Could you repeat the listing exactly, leaving out the pictures?

(EXERCISE DATA begins)

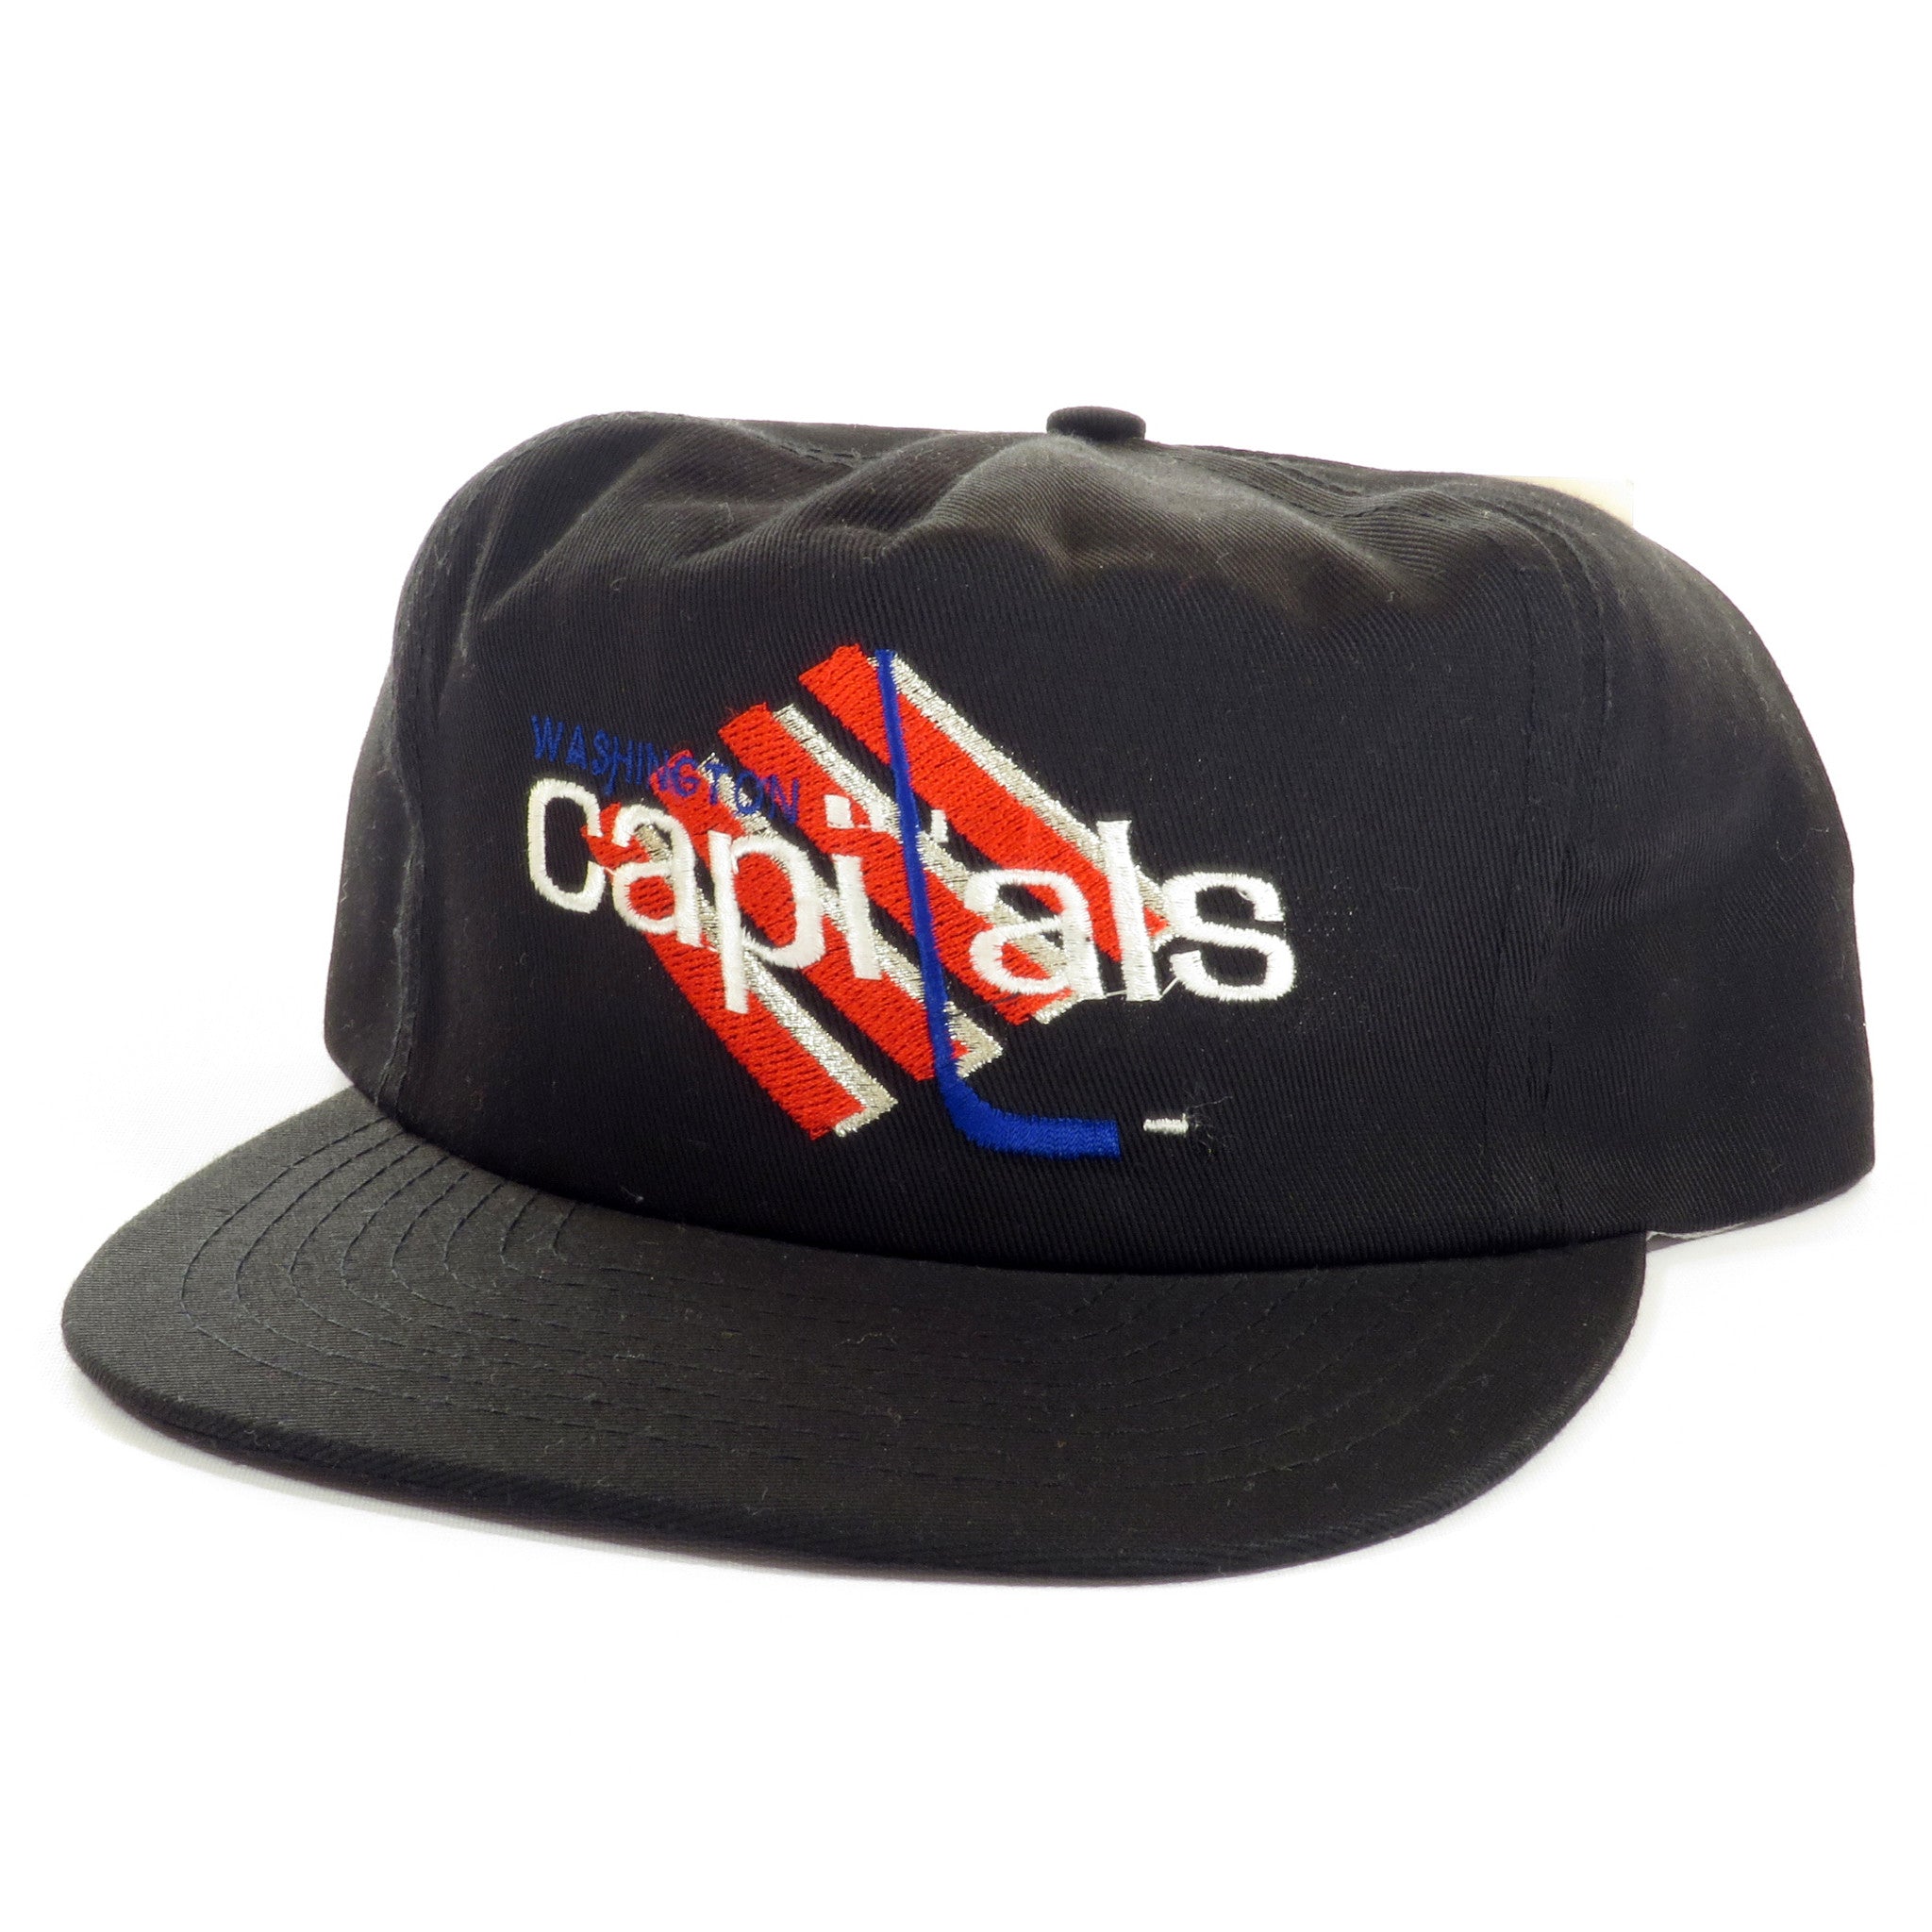 Washington Capitals Snapback Hat
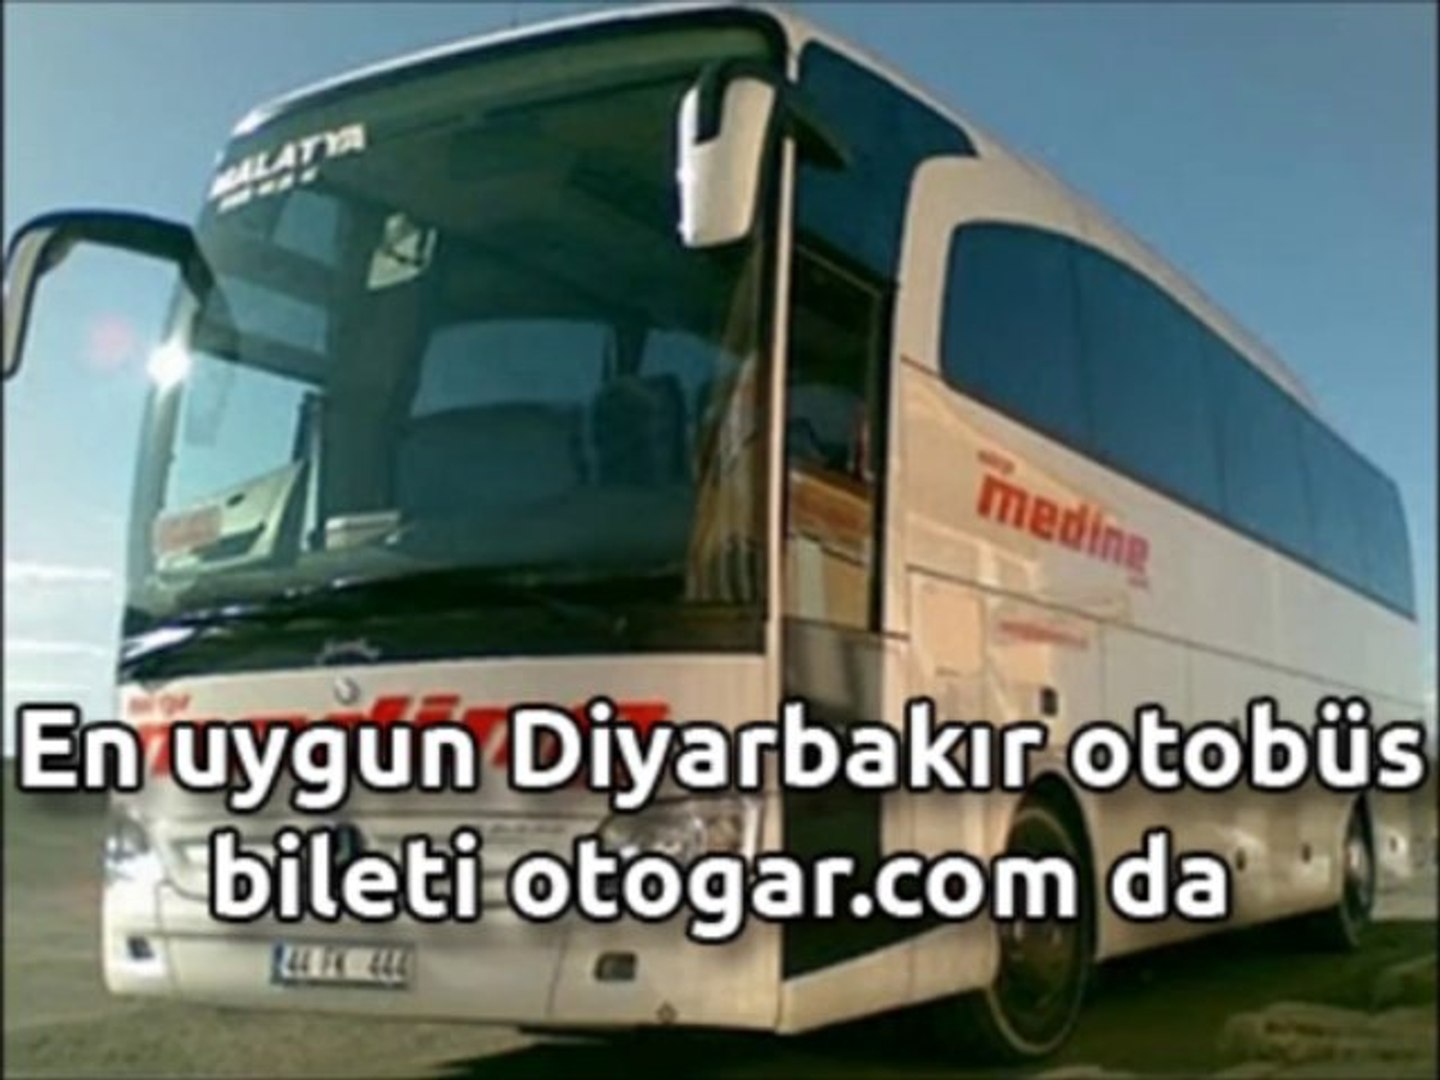 diyarbakir otobus bileti otogar com dailymotion video
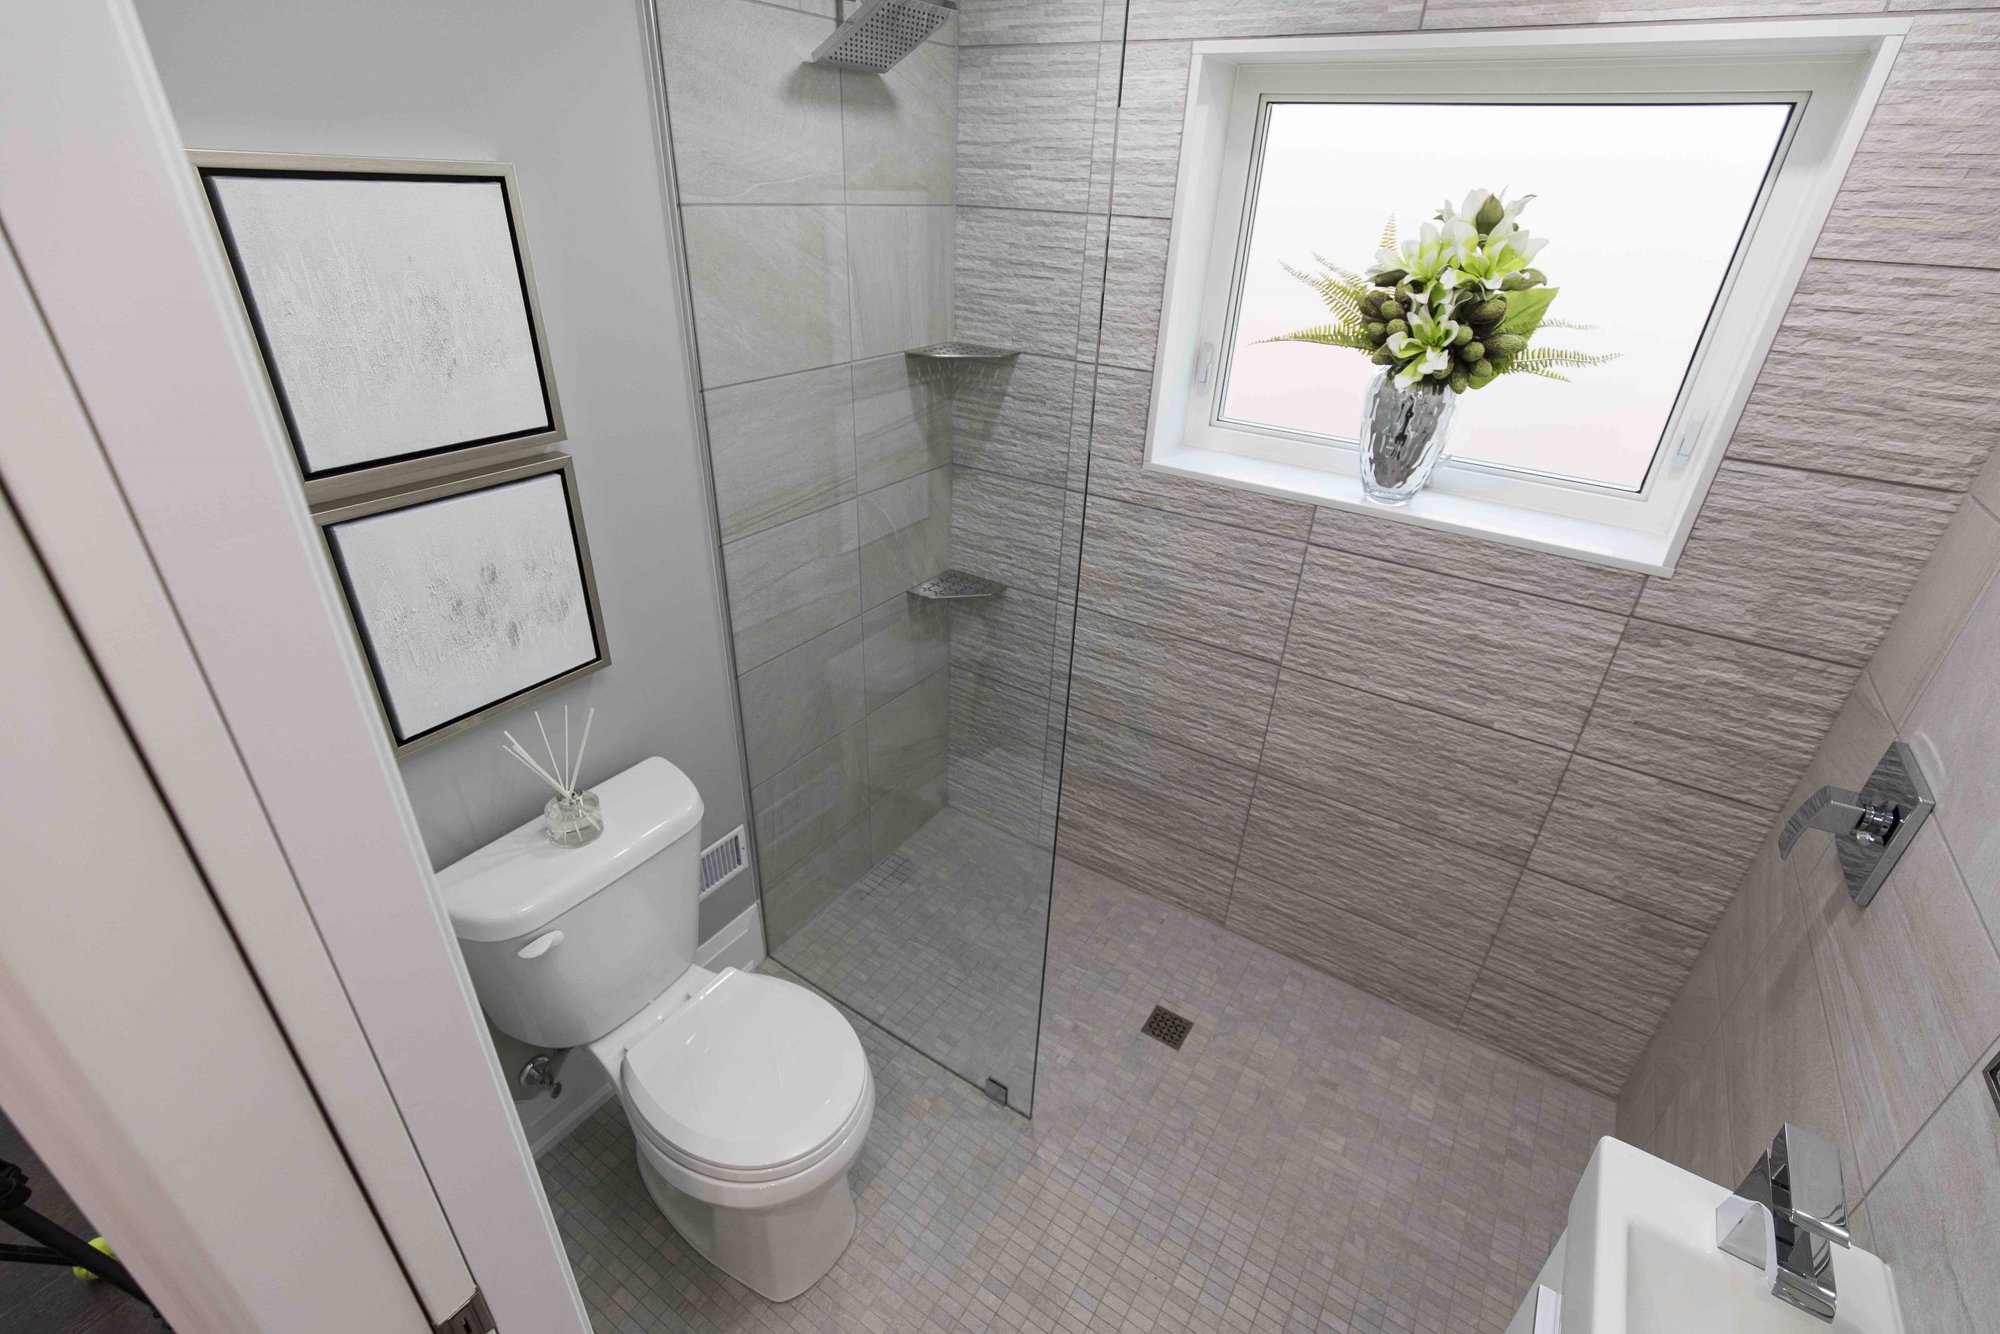 Bathroom renovation - bathroom waterproof seal between the tile and the window

(EXERCISE DATA ends)

EXPECTED ANSWER
 Washington Capitals Snapback Hat
 diyarbakir otobus bileti otogar com dailymotion video
 Bathroom renovation - bathroom waterproof seal between the tile and the window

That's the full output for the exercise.